◆ **Problem to work on**
The data below should be repeated exactly and in full.

◆ **Supplied material**

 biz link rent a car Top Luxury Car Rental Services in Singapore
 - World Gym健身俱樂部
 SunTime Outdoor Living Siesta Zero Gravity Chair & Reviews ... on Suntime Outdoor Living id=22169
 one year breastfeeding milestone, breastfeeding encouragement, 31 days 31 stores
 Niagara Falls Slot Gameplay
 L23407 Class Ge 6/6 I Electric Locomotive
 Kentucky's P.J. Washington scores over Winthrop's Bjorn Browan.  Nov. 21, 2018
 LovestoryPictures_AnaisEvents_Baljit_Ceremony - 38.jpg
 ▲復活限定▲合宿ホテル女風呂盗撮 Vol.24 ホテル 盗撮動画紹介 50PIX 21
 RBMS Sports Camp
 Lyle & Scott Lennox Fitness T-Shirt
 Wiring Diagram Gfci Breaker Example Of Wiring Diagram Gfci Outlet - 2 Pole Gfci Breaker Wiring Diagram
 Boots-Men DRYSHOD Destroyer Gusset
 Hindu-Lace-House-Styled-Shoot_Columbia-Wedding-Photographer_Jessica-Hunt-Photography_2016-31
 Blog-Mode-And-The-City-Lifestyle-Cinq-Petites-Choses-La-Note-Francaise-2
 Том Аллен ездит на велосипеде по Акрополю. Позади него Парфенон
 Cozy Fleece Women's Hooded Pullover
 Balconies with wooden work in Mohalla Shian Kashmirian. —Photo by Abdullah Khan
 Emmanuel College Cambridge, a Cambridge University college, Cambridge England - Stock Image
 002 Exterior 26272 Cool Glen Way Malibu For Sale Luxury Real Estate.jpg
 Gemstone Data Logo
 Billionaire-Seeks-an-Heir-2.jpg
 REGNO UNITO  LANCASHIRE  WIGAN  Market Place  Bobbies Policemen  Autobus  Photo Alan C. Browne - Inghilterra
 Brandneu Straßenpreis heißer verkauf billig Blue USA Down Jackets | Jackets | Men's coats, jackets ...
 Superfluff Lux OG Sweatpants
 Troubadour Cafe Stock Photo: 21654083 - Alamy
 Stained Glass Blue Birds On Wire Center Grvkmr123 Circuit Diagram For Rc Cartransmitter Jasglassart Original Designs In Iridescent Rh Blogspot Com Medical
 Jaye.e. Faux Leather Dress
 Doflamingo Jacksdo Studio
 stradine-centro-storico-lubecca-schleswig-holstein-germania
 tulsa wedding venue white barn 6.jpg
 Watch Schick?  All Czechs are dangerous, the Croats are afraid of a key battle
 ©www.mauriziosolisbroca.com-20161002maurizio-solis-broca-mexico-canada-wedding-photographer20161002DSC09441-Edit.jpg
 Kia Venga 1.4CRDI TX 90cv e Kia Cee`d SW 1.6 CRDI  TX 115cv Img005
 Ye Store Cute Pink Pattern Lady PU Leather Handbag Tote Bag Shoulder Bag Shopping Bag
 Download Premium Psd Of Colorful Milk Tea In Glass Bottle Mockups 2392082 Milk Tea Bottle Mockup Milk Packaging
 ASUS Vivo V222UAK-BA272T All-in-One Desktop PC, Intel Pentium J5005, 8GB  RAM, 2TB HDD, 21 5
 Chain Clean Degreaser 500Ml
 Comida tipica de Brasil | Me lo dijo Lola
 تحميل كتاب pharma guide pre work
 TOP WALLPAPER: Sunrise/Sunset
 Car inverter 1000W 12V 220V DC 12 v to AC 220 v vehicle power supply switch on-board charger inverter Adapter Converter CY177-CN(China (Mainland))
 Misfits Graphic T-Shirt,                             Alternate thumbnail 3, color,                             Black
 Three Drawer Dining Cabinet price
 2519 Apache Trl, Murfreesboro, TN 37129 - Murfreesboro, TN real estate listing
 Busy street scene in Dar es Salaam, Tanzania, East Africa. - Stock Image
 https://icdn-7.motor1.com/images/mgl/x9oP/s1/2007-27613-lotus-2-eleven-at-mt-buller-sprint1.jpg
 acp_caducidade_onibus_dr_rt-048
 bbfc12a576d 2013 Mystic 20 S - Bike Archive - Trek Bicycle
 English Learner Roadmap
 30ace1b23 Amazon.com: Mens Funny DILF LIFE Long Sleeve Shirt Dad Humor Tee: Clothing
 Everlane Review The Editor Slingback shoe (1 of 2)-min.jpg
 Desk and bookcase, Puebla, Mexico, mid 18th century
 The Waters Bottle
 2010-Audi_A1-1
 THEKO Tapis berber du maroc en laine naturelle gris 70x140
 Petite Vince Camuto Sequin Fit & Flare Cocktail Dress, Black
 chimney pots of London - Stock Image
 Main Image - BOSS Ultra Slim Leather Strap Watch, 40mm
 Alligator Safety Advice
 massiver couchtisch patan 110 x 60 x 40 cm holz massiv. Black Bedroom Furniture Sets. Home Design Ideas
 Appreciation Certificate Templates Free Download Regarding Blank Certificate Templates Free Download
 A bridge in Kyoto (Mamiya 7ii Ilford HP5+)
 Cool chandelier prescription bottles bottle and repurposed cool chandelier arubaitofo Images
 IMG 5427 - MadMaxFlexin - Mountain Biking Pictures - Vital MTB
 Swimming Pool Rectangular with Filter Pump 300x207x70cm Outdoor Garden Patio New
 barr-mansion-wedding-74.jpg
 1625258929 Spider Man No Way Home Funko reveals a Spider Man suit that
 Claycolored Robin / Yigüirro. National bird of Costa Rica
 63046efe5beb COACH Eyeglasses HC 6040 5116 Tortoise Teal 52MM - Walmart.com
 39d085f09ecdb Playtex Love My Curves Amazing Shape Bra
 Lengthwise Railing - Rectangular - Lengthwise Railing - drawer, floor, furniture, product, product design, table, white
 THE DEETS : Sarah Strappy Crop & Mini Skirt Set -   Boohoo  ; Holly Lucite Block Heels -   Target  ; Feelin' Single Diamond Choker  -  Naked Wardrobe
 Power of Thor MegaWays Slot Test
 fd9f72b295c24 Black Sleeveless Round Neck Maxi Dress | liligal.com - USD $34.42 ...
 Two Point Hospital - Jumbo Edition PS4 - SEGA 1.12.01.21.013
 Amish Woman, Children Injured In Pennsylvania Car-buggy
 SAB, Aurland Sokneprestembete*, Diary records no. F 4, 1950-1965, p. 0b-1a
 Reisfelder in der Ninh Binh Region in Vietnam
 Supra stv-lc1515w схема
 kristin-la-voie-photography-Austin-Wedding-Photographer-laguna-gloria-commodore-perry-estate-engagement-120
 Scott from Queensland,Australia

◆ **Task response**
 biz link rent a car Top Luxury Car Rental Services in Singapore
 - World Gym健身俱樂部
 SunTime Outdoor Living Siesta Zero Gravity Chair & Reviews ... on Suntime Outdoor Living id=22169
 one year breastfeeding milestone, breastfeeding encouragement, 31 days 31 stores
 Niagara Falls Slot Gameplay
 L23407 Class Ge 6/6 I Electric Locomotive
 Kentucky's P.J. Washington scores over Winthrop's Bjorn Browan.  Nov. 21, 2018
 LovestoryPictures_AnaisEvents_Baljit_Ceremony - 38.jpg
 ▲復活限定▲合宿ホテル女風呂盗撮 Vol.24 ホテル 盗撮動画紹介 50PIX 21
 RBMS Sports Camp
 Lyle & Scott Lennox Fitness T-Shirt
 Wiring Diagram Gfci Breaker Example Of Wiring Diagram Gfci Outlet - 2 Pole Gfci Breaker Wiring Diagram
 Boots-Men DRYSHOD Destroyer Gusset
 Hindu-Lace-House-Styled-Shoot_Columbia-Wedding-Photographer_Jessica-Hunt-Photography_2016-31
 Blog-Mode-And-The-City-Lifestyle-Cinq-Petites-Choses-La-Note-Francaise-2
 Том Аллен ездит на велосипеде по Акрополю. Позади него Парфенон
 Cozy Fleece Women's Hooded Pullover
 Balconies with wooden work in Mohalla Shian Kashmirian. —Photo by Abdullah Khan
 Emmanuel College Cambridge, a Cambridge University college, Cambridge England - Stock Image
 002 Exterior 26272 Cool Glen Way Malibu For Sale Luxury Real Estate.jpg
 Gemstone Data Logo
 Billionaire-Seeks-an-Heir-2.jpg
 REGNO UNITO  LANCASHIRE  WIGAN  Market Place  Bobbies Policemen  Autobus  Photo Alan C. Browne - Inghilterra
 Brandneu Straßenpreis heißer verkauf billig Blue USA Down Jackets | Jackets | Men's coats, jackets ...
 Superfluff Lux OG Sweatpants
 Troubadour Cafe Stock Photo: 21654083 - Alamy
 Stained Glass Blue Birds On Wire Center Grvkmr123 Circuit Diagram For Rc Cartransmitter Jasglassart Original Designs In Iridescent Rh Blogspot Com Medical
 Jaye.e. Faux Leather Dress
 Doflamingo Jacksdo Studio
 stradine-centro-storico-lubecca-schleswig-holstein-germania
 tulsa wedding venue white barn 6.jpg
 Watch Schick?  All Czechs are dangerous, the Croats are afraid of a key battle
 ©www.mauriziosolisbroca.com-20161002maurizio-solis-broca-mexico-canada-wedding-photographer20161002DSC09441-Edit.jpg
 Kia Venga 1.4CRDI TX 90cv e Kia Cee`d SW 1.6 CRDI  TX 115cv Img005
 Ye Store Cute Pink Pattern Lady PU Leather Handbag Tote Bag Shoulder Bag Shopping Bag
 Download Premium Psd Of Colorful Milk Tea In Glass Bottle Mockups 2392082 Milk Tea Bottle Mockup Milk Packaging
 ASUS Vivo V222UAK-BA272T All-in-One Desktop PC, Intel Pentium J5005, 8GB  RAM, 2TB HDD, 21 5
 Chain Clean Degreaser 500Ml
 Comida tipica de Brasil | Me lo dijo Lola
 تحميل كتاب pharma guide pre work
 TOP WALLPAPER: Sunrise/Sunset
 Car inverter 1000W 12V 220V DC 12 v to AC 220 v vehicle power supply switch on-board charger inverter Adapter Converter CY177-CN(China (Mainland))
 Misfits Graphic T-Shirt,                             Alternate thumbnail 3, color,                             Black
 Three Drawer Dining Cabinet price
 2519 Apache Trl, Murfreesboro, TN 37129 - Murfreesboro, TN real estate listing
 Busy street scene in Dar es Salaam, Tanzania, East Africa. - Stock Image
 https://icdn-7.motor1.com/images/mgl/x9oP/s1/2007-27613-lotus-2-eleven-at-mt-buller-sprint1.jpg
 acp_caducidade_onibus_dr_rt-048
 bbfc12a576d 2013 Mystic 20 S - Bike Archive - Trek Bicycle
 English Learner Roadmap
 30ace1b23 Amazon.com: Mens Funny DILF LIFE Long Sleeve Shirt Dad Humor Tee: Clothing
 Everlane Review The Editor Slingback shoe (1 of 2)-min.jpg
 Desk and bookcase, Puebla, Mexico, mid 18th century
 The Waters Bottle
 2010-Audi_A1-1
 THEKO Tapis berber du maroc en laine naturelle gris 70x140
 Petite Vince Camuto Sequin Fit & Flare Cocktail Dress, Black
 chimney pots of London - Stock Image
 Main Image - BOSS Ultra Slim Leather Strap Watch, 40mm
 Alligator Safety Advice
 massiver couchtisch patan 110 x 60 x 40 cm holz massiv. Black Bedroom Furniture Sets. Home Design Ideas
 Appreciation Certificate Templates Free Download Regarding Blank Certificate Templates Free Download
 A bridge in Kyoto (Mamiya 7ii Ilford HP5+)
 Cool chandelier prescription bottles bottle and repurposed cool chandelier arubaitofo Images
 IMG 5427 - MadMaxFlexin - Mountain Biking Pictures - Vital MTB
 Swimming Pool Rectangular with Filter Pump 300x207x70cm Outdoor Garden Patio New
 barr-mansion-wedding-74.jpg
 1625258929 Spider Man No Way Home Funko reveals a Spider Man suit that
 Claycolored Robin / Yigüirro. National bird of Costa Rica
 63046efe5beb COACH Eyeglasses HC 6040 5116 Tortoise Teal 52MM - Walmart.com
 39d085f09ecdb Playtex Love My Curves Amazing Shape Bra
 Lengthwise Railing - Rectangular - Lengthwise Railing - drawer, floor, furniture, product, product design, table, white
 THE DEETS : Sarah Strappy Crop & Mini Skirt Set -   Boohoo  ; Holly Lucite Block Heels -   Target  ; Feelin' Single Diamond Choker  -  Naked Wardrobe
 Power of Thor MegaWays Slot Test
 fd9f72b295c24 Black Sleeveless Round Neck Maxi Dress | liligal.com - USD $34.42 ...
 Two Point Hospital - Jumbo Edition PS4 - SEGA 1.12.01.21.013
 Amish Woman, Children Injured In Pennsylvania Car-buggy
 SAB, Aurland Sokneprestembete*, Diary records no. F 4, 1950-1965, p. 0b-1a
 Reisfelder in der Ninh Binh Region in Vietnam
 Supra stv-lc1515w схема
 kristin-la-voie-photography-Austin-Wedding-Photographer-laguna-gloria-commodore-perry-estate-engagement-120
 Scott from Queensland,Australia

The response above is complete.